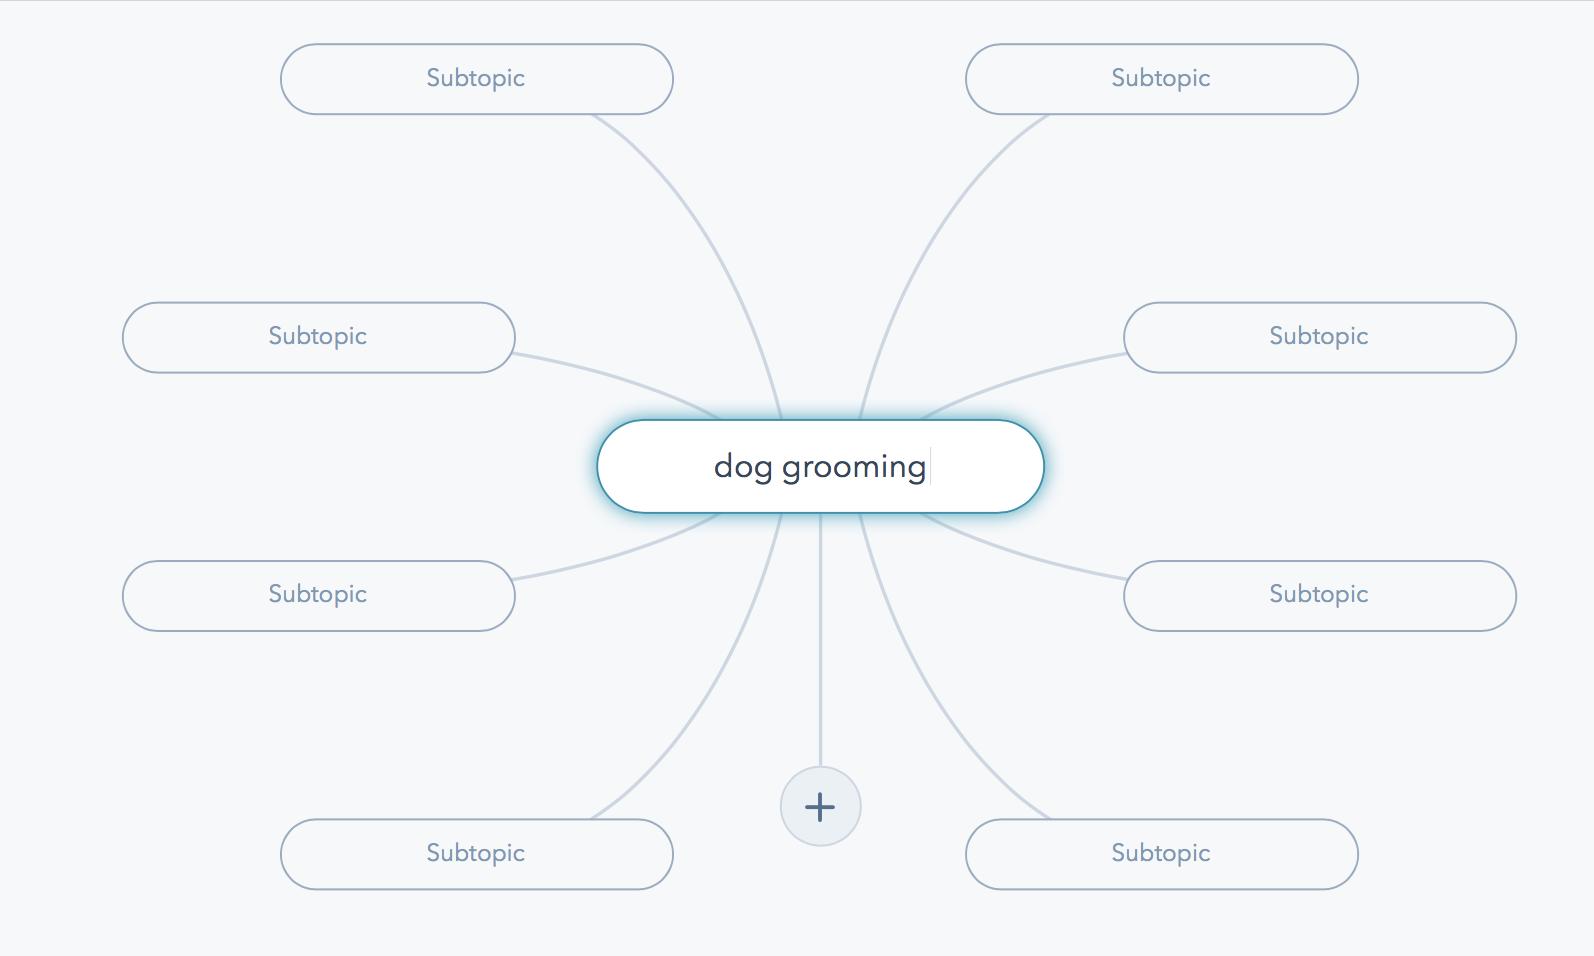 dog grooming hubspot pillar content strategy
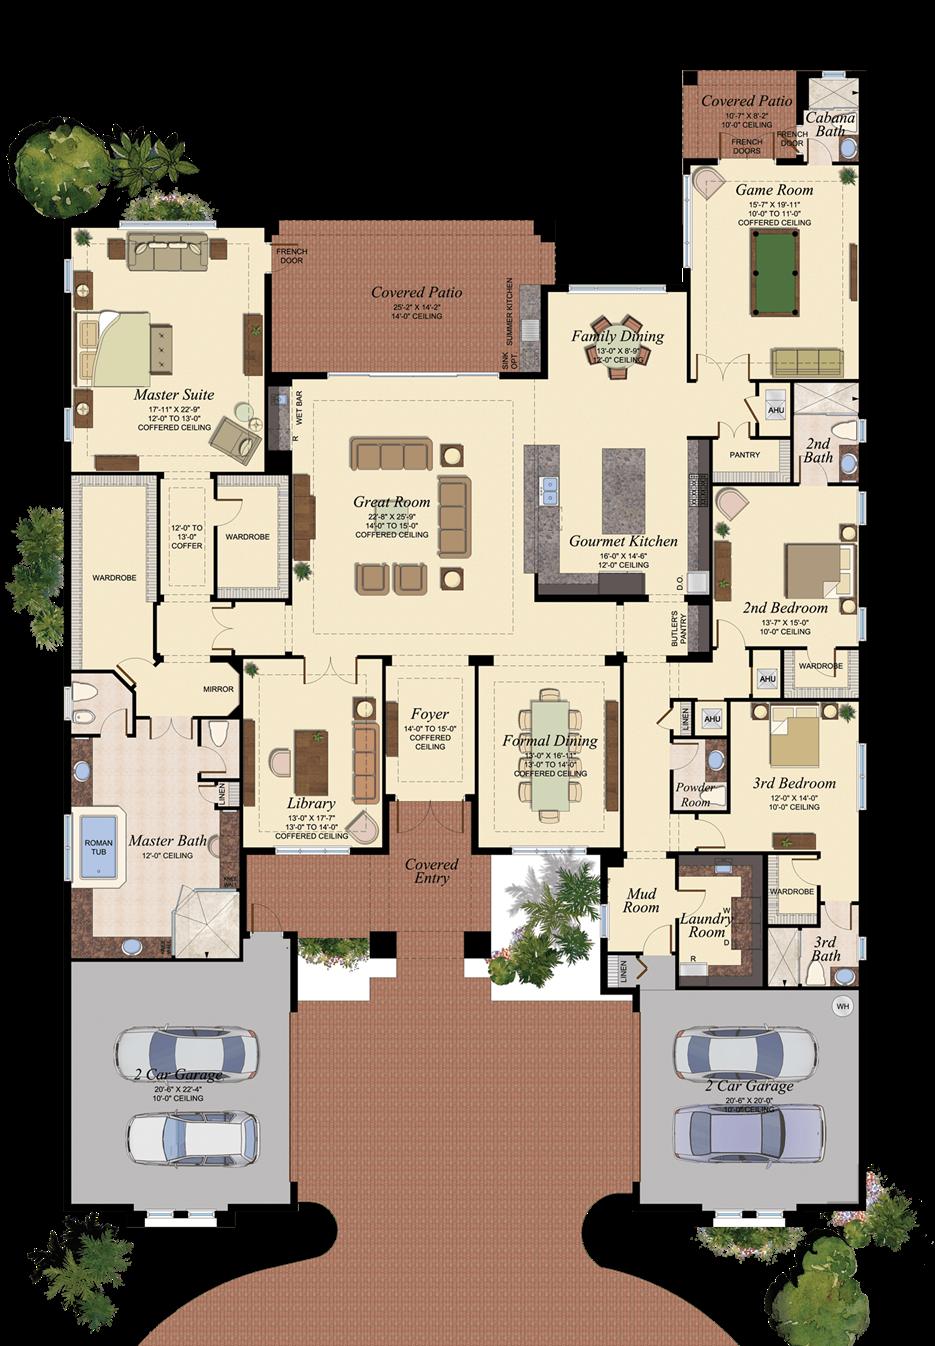 Versailles 901 Dream House Plans House Blueprints Home Design Floor Plans
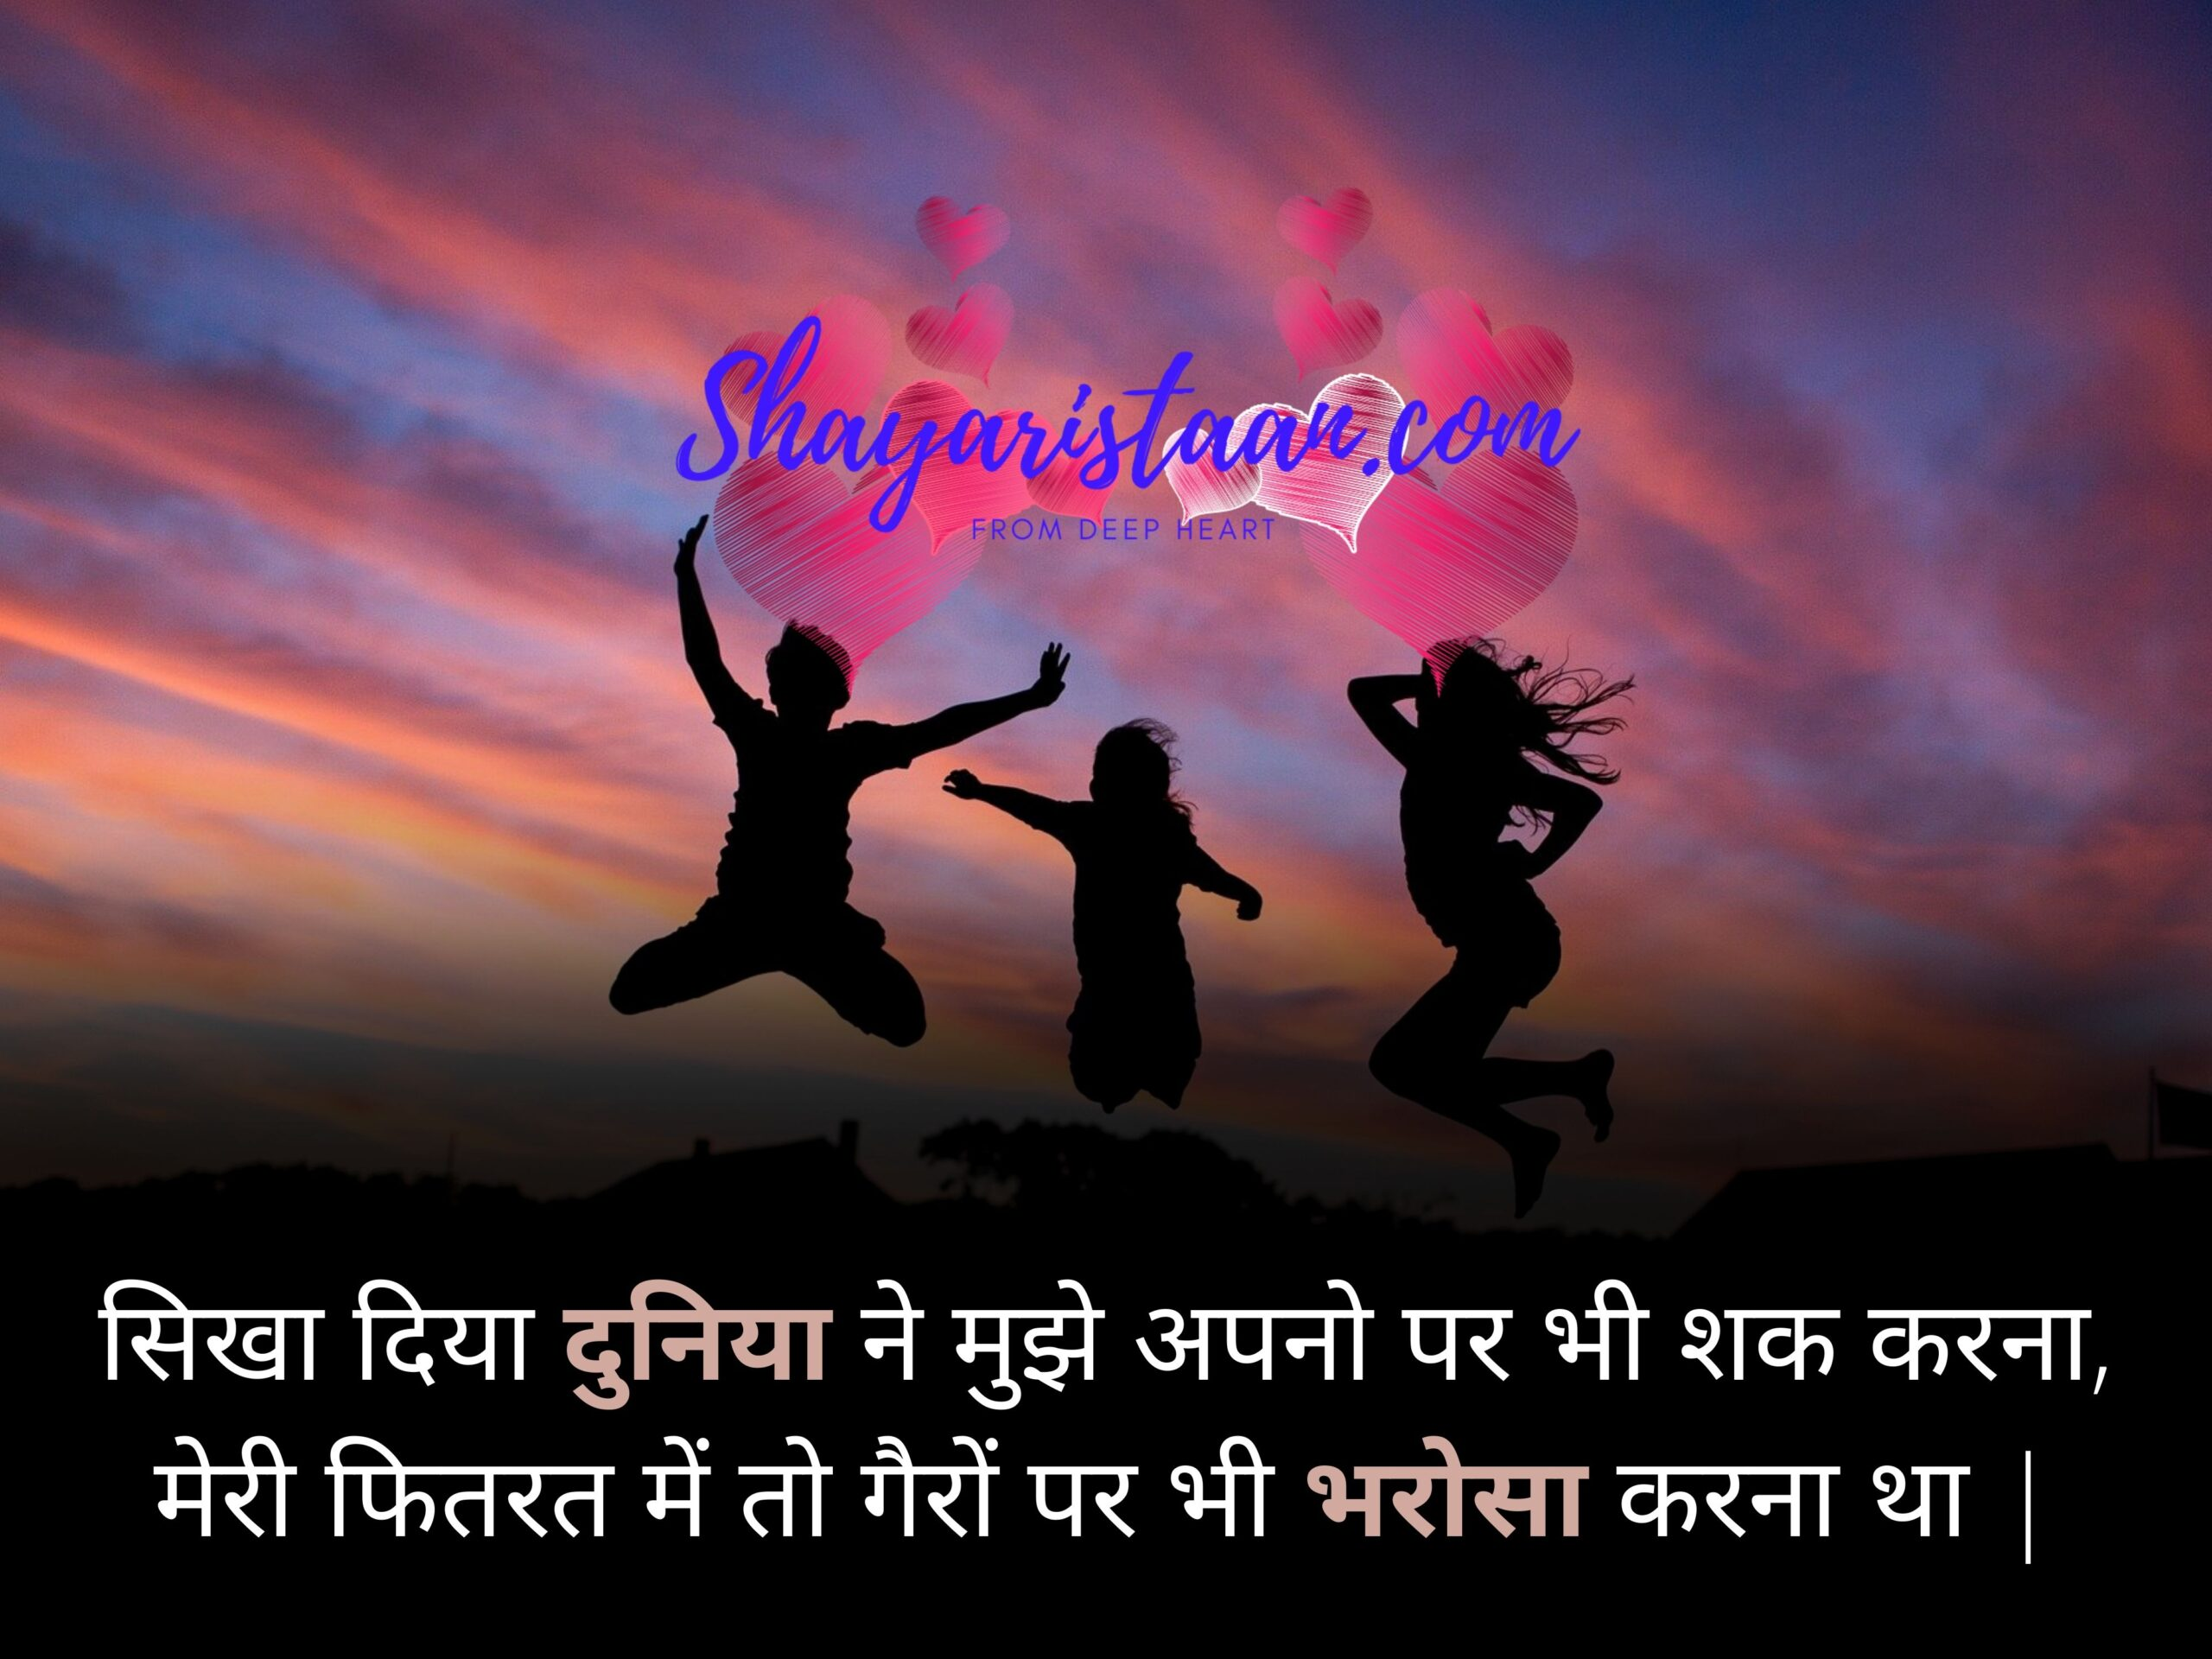 sad shayari in hindi for life   सिखा दिया दुनिया ने मुझे अपनो पर भी शक करना, मेरी फितरत में तो गैरों पर भी भरोसा करना था
************
Exercise brief
The data above must be copied exactly. Leave out the pictures.

Exercise answer
 dog grooming hubspot pillar content strategy
 Versailles 901 Dream House Plans House Blueprints Home Design Floor Plans
 sad shayari in hindi for life   सिखा दिया दुनिया ने मुझे अपनो पर भी शक करना, मेरी फितरत में तो गैरों पर भी भरोसा करना था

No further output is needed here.